[Excerpts from a dataset]
----

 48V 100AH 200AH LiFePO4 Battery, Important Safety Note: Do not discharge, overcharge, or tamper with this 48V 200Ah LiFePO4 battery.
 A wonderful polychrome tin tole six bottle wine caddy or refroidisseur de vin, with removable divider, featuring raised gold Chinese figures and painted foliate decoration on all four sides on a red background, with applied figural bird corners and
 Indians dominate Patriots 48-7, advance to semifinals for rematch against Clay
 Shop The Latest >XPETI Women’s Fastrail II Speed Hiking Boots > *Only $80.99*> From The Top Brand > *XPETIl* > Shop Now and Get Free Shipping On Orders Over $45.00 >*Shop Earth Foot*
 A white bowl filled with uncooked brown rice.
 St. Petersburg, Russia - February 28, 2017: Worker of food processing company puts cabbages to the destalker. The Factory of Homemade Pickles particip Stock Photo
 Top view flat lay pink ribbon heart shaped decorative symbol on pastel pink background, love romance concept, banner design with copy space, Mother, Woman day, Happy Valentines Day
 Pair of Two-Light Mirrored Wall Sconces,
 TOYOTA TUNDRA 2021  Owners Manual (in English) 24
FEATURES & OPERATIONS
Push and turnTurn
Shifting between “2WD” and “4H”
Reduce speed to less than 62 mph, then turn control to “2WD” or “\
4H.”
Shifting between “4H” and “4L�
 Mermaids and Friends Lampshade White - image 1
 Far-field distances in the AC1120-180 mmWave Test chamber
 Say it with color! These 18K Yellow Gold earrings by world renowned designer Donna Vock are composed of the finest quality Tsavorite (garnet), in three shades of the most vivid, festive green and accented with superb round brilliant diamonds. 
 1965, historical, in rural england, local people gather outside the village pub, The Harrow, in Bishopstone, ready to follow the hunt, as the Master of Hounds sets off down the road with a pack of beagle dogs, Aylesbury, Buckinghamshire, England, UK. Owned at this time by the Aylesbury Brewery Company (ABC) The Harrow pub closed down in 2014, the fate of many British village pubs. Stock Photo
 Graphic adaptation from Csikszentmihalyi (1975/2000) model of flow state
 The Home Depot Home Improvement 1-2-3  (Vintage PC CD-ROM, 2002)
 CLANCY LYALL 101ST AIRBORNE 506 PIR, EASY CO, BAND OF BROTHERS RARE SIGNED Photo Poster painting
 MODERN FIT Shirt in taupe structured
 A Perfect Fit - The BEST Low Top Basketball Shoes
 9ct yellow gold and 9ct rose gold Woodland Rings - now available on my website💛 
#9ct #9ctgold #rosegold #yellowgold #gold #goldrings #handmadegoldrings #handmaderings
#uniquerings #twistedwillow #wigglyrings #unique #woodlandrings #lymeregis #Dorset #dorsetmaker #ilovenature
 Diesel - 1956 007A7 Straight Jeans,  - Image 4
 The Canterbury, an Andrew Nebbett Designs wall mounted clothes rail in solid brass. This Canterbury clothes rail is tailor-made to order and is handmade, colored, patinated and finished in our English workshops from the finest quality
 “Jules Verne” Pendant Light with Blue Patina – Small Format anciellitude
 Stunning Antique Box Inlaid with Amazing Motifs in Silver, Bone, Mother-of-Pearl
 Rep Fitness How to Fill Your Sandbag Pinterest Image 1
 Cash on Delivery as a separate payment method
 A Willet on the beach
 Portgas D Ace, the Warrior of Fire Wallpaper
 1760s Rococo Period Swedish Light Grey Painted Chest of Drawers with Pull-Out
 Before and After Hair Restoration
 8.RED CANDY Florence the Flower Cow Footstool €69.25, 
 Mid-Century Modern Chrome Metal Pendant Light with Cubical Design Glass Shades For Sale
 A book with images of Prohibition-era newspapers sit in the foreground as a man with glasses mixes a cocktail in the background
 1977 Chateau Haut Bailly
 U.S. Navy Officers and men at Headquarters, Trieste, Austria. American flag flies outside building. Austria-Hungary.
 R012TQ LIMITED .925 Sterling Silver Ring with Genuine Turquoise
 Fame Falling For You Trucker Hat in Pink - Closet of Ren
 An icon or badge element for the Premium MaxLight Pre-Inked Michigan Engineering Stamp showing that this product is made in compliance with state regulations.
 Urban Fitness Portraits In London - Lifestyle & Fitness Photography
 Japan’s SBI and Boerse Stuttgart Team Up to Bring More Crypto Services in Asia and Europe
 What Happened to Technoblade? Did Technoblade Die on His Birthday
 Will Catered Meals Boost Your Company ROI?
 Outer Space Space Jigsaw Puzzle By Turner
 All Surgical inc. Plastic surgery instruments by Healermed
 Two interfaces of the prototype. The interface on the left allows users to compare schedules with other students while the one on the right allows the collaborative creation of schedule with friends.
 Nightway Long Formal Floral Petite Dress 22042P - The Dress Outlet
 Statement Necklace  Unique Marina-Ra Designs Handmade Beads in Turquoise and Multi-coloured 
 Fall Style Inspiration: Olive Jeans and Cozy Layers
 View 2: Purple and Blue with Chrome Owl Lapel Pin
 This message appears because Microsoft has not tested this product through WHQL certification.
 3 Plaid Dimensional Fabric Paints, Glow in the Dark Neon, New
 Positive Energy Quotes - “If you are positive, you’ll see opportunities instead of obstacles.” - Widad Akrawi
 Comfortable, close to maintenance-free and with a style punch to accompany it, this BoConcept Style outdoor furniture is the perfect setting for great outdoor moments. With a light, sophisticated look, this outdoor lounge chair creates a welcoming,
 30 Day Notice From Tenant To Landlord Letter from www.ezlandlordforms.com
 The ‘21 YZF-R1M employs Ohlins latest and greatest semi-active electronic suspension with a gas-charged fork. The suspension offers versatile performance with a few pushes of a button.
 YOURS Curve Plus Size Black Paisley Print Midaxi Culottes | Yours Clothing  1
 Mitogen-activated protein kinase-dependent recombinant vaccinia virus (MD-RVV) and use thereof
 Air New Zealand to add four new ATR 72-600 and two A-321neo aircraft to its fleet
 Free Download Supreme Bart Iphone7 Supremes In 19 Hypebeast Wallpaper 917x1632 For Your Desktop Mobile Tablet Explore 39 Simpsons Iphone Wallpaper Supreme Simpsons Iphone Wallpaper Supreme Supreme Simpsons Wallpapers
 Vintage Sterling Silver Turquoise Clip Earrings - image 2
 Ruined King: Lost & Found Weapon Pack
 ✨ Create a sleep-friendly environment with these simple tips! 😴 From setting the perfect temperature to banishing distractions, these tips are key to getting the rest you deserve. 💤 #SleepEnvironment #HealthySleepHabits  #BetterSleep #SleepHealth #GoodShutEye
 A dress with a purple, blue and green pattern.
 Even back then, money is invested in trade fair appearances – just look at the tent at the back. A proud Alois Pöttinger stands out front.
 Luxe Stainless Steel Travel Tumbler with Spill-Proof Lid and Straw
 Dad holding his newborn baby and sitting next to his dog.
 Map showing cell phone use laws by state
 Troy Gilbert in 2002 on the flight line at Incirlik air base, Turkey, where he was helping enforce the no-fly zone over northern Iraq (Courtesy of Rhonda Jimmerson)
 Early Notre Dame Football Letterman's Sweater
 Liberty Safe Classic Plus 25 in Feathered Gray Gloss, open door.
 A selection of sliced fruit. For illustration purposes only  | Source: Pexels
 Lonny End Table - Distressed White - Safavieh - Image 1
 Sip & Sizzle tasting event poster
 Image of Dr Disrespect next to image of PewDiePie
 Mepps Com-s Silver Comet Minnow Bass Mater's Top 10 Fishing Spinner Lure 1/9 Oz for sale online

----

→ Work required
Every record must be returned exactly.

→ Solution
 48V 100AH 200AH LiFePO4 Battery, Important Safety Note: Do not discharge, overcharge, or tamper with this 48V 200Ah LiFePO4 battery.
 A wonderful polychrome tin tole six bottle wine caddy or refroidisseur de vin, with removable divider, featuring raised gold Chinese figures and painted foliate decoration on all four sides on a red background, with applied figural bird corners and
 Indians dominate Patriots 48-7, advance to semifinals for rematch against Clay
 Shop The Latest >XPETI Women’s Fastrail II Speed Hiking Boots > *Only $80.99*> From The Top Brand > *XPETIl* > Shop Now and Get Free Shipping On Orders Over $45.00 >*Shop Earth Foot*
 A white bowl filled with uncooked brown rice.
 St. Petersburg, Russia - February 28, 2017: Worker of food processing company puts cabbages to the destalker. The Factory of Homemade Pickles particip Stock Photo
 Top view flat lay pink ribbon heart shaped decorative symbol on pastel pink background, love romance concept, banner design with copy space, Mother, Woman day, Happy Valentines Day
 Pair of Two-Light Mirrored Wall Sconces,
 TOYOTA TUNDRA 2021  Owners Manual (in English) 24
FEATURES & OPERATIONS
Push and turnTurn
Shifting between “2WD” and “4H”
Reduce speed to less than 62 mph, then turn control to “2WD” or “\
4H.”
Shifting between “4H” and “4L�
 Mermaids and Friends Lampshade White - image 1
 Far-field distances in the AC1120-180 mmWave Test chamber
 Say it with color! These 18K Yellow Gold earrings by world renowned designer Donna Vock are composed of the finest quality Tsavorite (garnet), in three shades of the most vivid, festive green and accented with superb round brilliant diamonds. 
 1965, historical, in rural england, local people gather outside the village pub, The Harrow, in Bishopstone, ready to follow the hunt, as the Master of Hounds sets off down the road with a pack of beagle dogs, Aylesbury, Buckinghamshire, England, UK. Owned at this time by the Aylesbury Brewery Company (ABC) The Harrow pub closed down in 2014, the fate of many British village pubs. Stock Photo
 Graphic adaptation from Csikszentmihalyi (1975/2000) model of flow state
 The Home Depot Home Improvement 1-2-3  (Vintage PC CD-ROM, 2002)
 CLANCY LYALL 101ST AIRBORNE 506 PIR, EASY CO, BAND OF BROTHERS RARE SIGNED Photo Poster painting
 MODERN FIT Shirt in taupe structured
 A Perfect Fit - The BEST Low Top Basketball Shoes
 9ct yellow gold and 9ct rose gold Woodland Rings - now available on my website💛 
#9ct #9ctgold #rosegold #yellowgold #gold #goldrings #handmadegoldrings #handmaderings
#uniquerings #twistedwillow #wigglyrings #unique #woodlandrings #lymeregis #Dorset #dorsetmaker #ilovenature
 Diesel - 1956 007A7 Straight Jeans,  - Image 4
 The Canterbury, an Andrew Nebbett Designs wall mounted clothes rail in solid brass. This Canterbury clothes rail is tailor-made to order and is handmade, colored, patinated and finished in our English workshops from the finest quality
 “Jules Verne” Pendant Light with Blue Patina – Small Format anciellitude
 Stunning Antique Box Inlaid with Amazing Motifs in Silver, Bone, Mother-of-Pearl
 Rep Fitness How to Fill Your Sandbag Pinterest Image 1
 Cash on Delivery as a separate payment method
 A Willet on the beach
 Portgas D Ace, the Warrior of Fire Wallpaper
 1760s Rococo Period Swedish Light Grey Painted Chest of Drawers with Pull-Out
 Before and After Hair Restoration
 8.RED CANDY Florence the Flower Cow Footstool €69.25, 
 Mid-Century Modern Chrome Metal Pendant Light with Cubical Design Glass Shades For Sale
 A book with images of Prohibition-era newspapers sit in the foreground as a man with glasses mixes a cocktail in the background
 1977 Chateau Haut Bailly
 U.S. Navy Officers and men at Headquarters, Trieste, Austria. American flag flies outside building. Austria-Hungary.
 R012TQ LIMITED .925 Sterling Silver Ring with Genuine Turquoise
 Fame Falling For You Trucker Hat in Pink - Closet of Ren
 An icon or badge element for the Premium MaxLight Pre-Inked Michigan Engineering Stamp showing that this product is made in compliance with state regulations.
 Urban Fitness Portraits In London - Lifestyle & Fitness Photography
 Japan’s SBI and Boerse Stuttgart Team Up to Bring More Crypto Services in Asia and Europe
 What Happened to Technoblade? Did Technoblade Die on His Birthday
 Will Catered Meals Boost Your Company ROI?
 Outer Space Space Jigsaw Puzzle By Turner
 All Surgical inc. Plastic surgery instruments by Healermed
 Two interfaces of the prototype. The interface on the left allows users to compare schedules with other students while the one on the right allows the collaborative creation of schedule with friends.
 Nightway Long Formal Floral Petite Dress 22042P - The Dress Outlet
 Statement Necklace  Unique Marina-Ra Designs Handmade Beads in Turquoise and Multi-coloured 
 Fall Style Inspiration: Olive Jeans and Cozy Layers
 View 2: Purple and Blue with Chrome Owl Lapel Pin
 This message appears because Microsoft has not tested this product through WHQL certification.
 3 Plaid Dimensional Fabric Paints, Glow in the Dark Neon, New
 Positive Energy Quotes - “If you are positive, you’ll see opportunities instead of obstacles.” - Widad Akrawi
 Comfortable, close to maintenance-free and with a style punch to accompany it, this BoConcept Style outdoor furniture is the perfect setting for great outdoor moments. With a light, sophisticated look, this outdoor lounge chair creates a welcoming,
 30 Day Notice From Tenant To Landlord Letter from www.ezlandlordforms.com
 The ‘21 YZF-R1M employs Ohlins latest and greatest semi-active electronic suspension with a gas-charged fork. The suspension offers versatile performance with a few pushes of a button.
 YOURS Curve Plus Size Black Paisley Print Midaxi Culottes | Yours Clothing  1
 Mitogen-activated protein kinase-dependent recombinant vaccinia virus (MD-RVV) and use thereof
 Air New Zealand to add four new ATR 72-600 and two A-321neo aircraft to its fleet
 Free Download Supreme Bart Iphone7 Supremes In 19 Hypebeast Wallpaper 917x1632 For Your Desktop Mobile Tablet Explore 39 Simpsons Iphone Wallpaper Supreme Simpsons Iphone Wallpaper Supreme Supreme Simpsons Wallpapers
 Vintage Sterling Silver Turquoise Clip Earrings - image 2
 Ruined King: Lost & Found Weapon Pack
 ✨ Create a sleep-friendly environment with these simple tips! 😴 From setting the perfect temperature to banishing distractions, these tips are key to getting the rest you deserve. 💤 #SleepEnvironment #HealthySleepHabits  #BetterSleep #SleepHealth #GoodShutEye
 A dress with a purple, blue and green pattern.
 Even back then, money is invested in trade fair appearances – just look at the tent at the back. A proud Alois Pöttinger stands out front.
 Luxe Stainless Steel Travel Tumbler with Spill-Proof Lid and Straw
 Dad holding his newborn baby and sitting next to his dog.
 Map showing cell phone use laws by state
 Troy Gilbert in 2002 on the flight line at Incirlik air base, Turkey, where he was helping enforce the no-fly zone over northern Iraq (Courtesy of Rhonda Jimmerson)
 Early Notre Dame Football Letterman's Sweater
 Liberty Safe Classic Plus 25 in Feathered Gray Gloss, open door.
 A selection of sliced fruit. For illustration purposes only  | Source: Pexels
 Lonny End Table - Distressed White - Safavieh - Image 1
 Sip & Sizzle tasting event poster
 Image of Dr Disrespect next to image of PewDiePie
 Mepps Com-s Silver Comet Minnow Bass Mater's Top 10 Fishing Spinner Lure 1/9 Oz for sale online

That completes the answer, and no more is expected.